The term “basis” constitutes a critical concept in income tax law, yet one that’s difficult to grasp. Add to that what’s known as the step up in basis that results at death.
Let’s explore this issue in the context of two hypothetical clients I call Bill and Carole. Carole told me she and Bill had heard about a new way of providing for a double step up in basis if their trusts are drafted with that in mind. “What in the world is that?” she asked.
Let’s say Bill and Carole purchased shares of stock many years ago for $10,000. They also bought their home for $200,000. If they cash in that stock at its present value of $15,000 or sell their house at its fair market value of $350,000, they’ll realize a gain of $5,000 on the stock and $150,000 on the house. Those gains are subject to income tax. Disregarding any applicable exemptions, the combined federal and state tax on the gain will be approximately $1,000 on the stock and $30,000 on the home.
Tax laws also provide, however, that upon a taxpayer’s death — let’s say Carole in this case — the tax basis of an asset that’s unsold and in the deceased taxpayer’s estate will receive a “step up” in basis so the person inheriting the asset receives the asset with a tax basis equal to the fair market value of the asset as of the date of the taxpayer’s death. More specifically, Carole’s half interest in the stock portfolio is valued at $7,500 at her death. The tax basis for capital gain tax purposes in the hands of her heirs is, then, $7,500. Without the step up, the basis would be $5,000.
This is a clear tax advantage for those heirs. When Bill later dies, his heirs also will receive a step up in basis on his half interest in that asset because it’s passed on rather than sold before his death.
Now there’s even yet another quirk to add to this already complicated mix. Assume Bill lives a number of years after Carole’s death. When Bill dies, the heirs — the children in this family’s case — will receive both halves of the asset. Carole’s half will carry a basis of the fair market value as of Carole’s date of death. According to our earlier calculations, the basis of that stock is $7,500. If the stock has then appreciated, which we all anticipate it will, there will be gain to recognize and tax to be paid when and if the children sell it.
Bill’s half, on the other hand, will pass to the children with a basis of its fair market value as of Bill’s death. Let’s assume the date-of-death value of Bill’s half is $10,000. When the stock is sold by the heirs, half will have a basis of $7,500 and the other half $10,000.
Carole’s question to me was whether there’s a way to get a second step up so the entire portfolio carries a basis of $20,000 at Bill’s death. Wouldn’t that be nice? Given our assumption the value of the portfolio is then $20,000, there’d be no gain to recognize.
My answer to Carole was a qualified “yes.”

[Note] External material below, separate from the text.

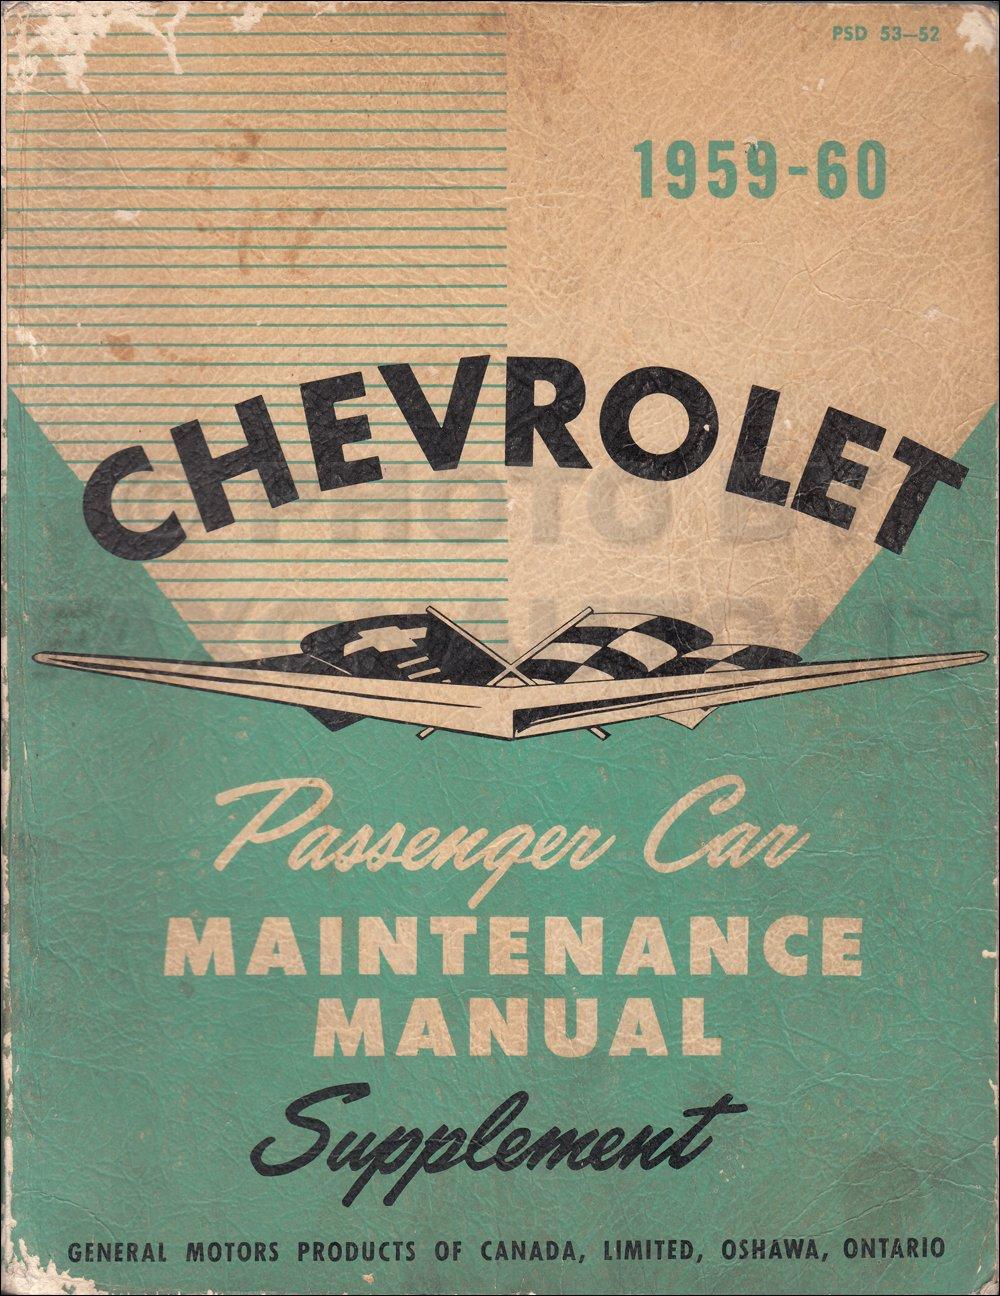 1959-1960 Chevrolet Repair Shop Manual Original Supplement Cars & El Camino:  Chevrolet: Amazon.com: Books

If Bill, at Carole’s death, had inherited her half of the stock, then the entire thing would get a step up at Bill’s subsequent death. But Bill and Carole have a trust that hold’s Carole’s half so that while Bill has access to it during his life, it doesn’t belong to him. The result is only one step up. For important estate tax and creditor protection reasons, it’s the better practice to separate ownership at Carole’s death. The loss of a second step up has long been a disadvantage in such non-community property states as Colorado.
The short answer to Carole’s question is that there’s a fairly new planning strategy called the bounty clause that allows for a double step up. Most of us believe it will work as designed. It’s complicated, but will give people the benefit of estate tax avoidance, creditor protection and capital gain tax reduction.